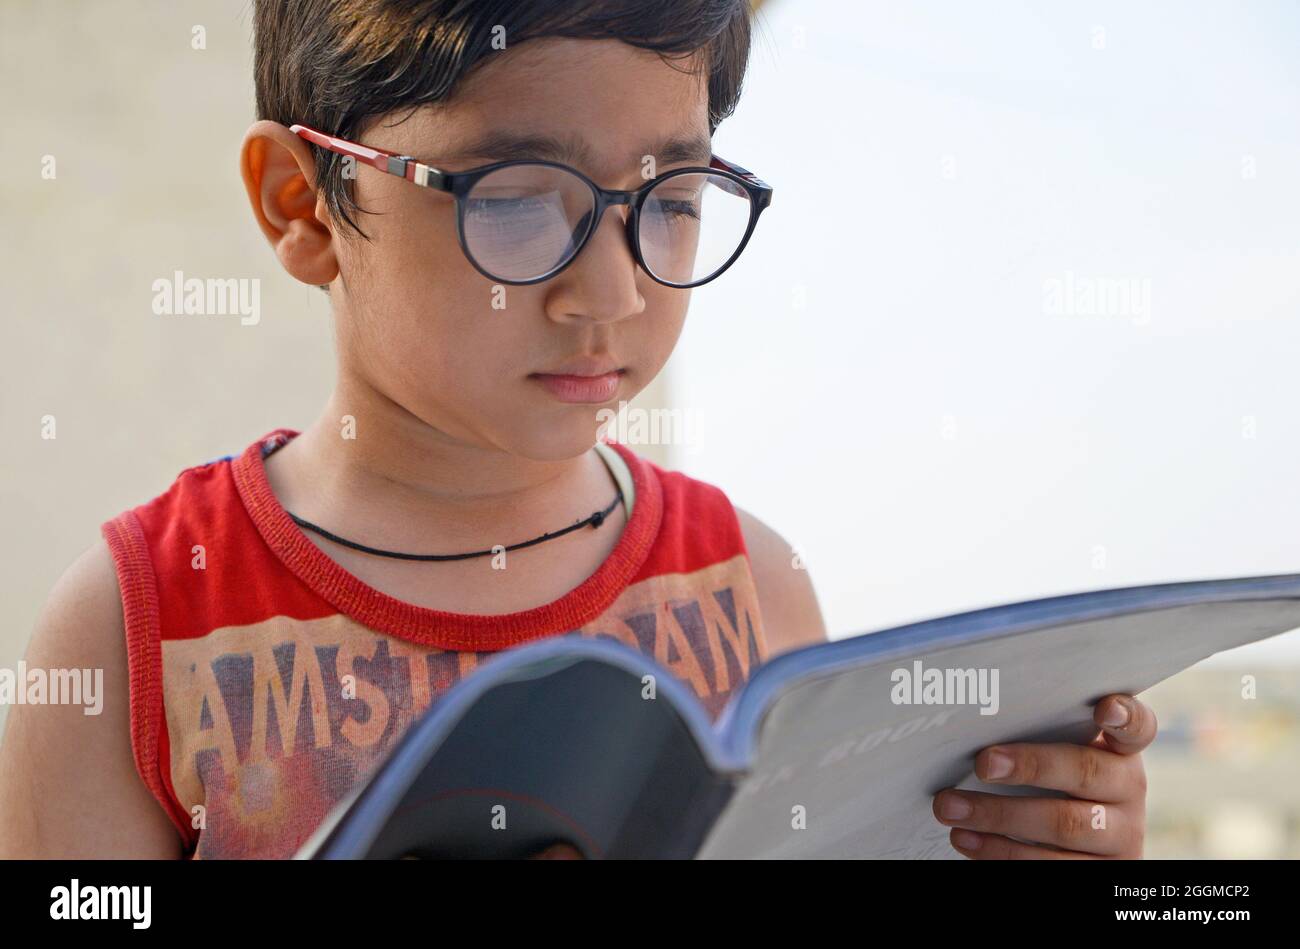 Garçon indien avec livre à portée de main Banque D'Images
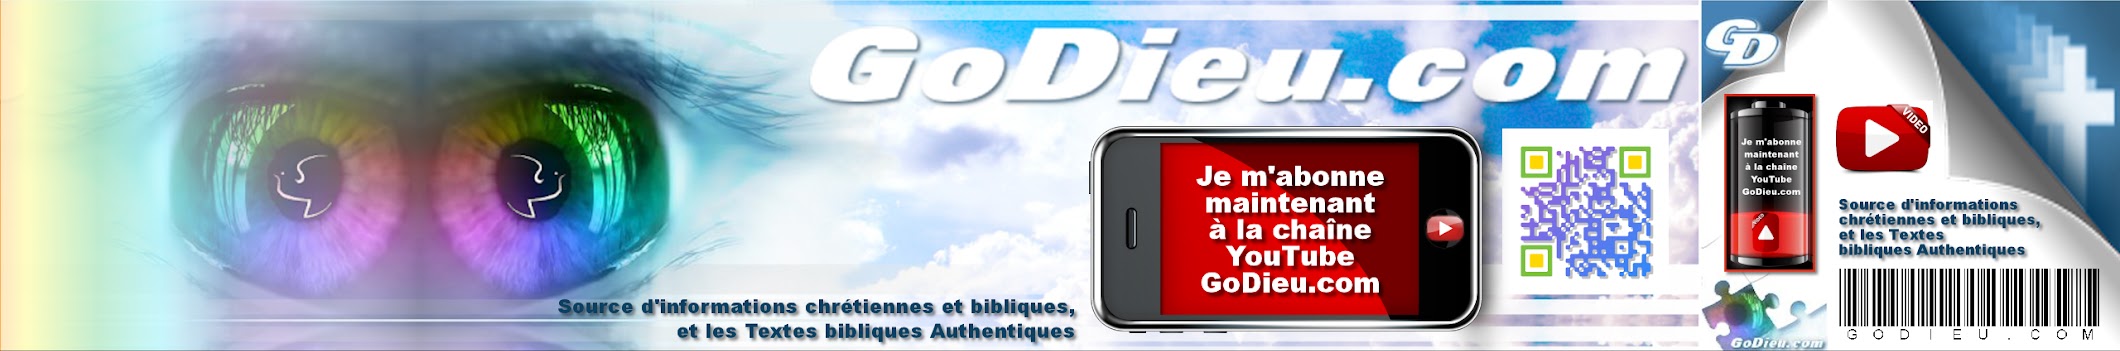 GoDieu.com - Source d'informations chrétiennes et bibliques,
et les Textes bibliques Authentiques

TASK PROMPT:
Before you return the listing exactly, strip out its pictures.

RESULT OF THIS EXERCISE:
 Garçon indien avec livre à portée de main Banque D'Images
 GoDieu.com - Source d'informations chrétiennes et bibliques,
et les Textes bibliques Authentiques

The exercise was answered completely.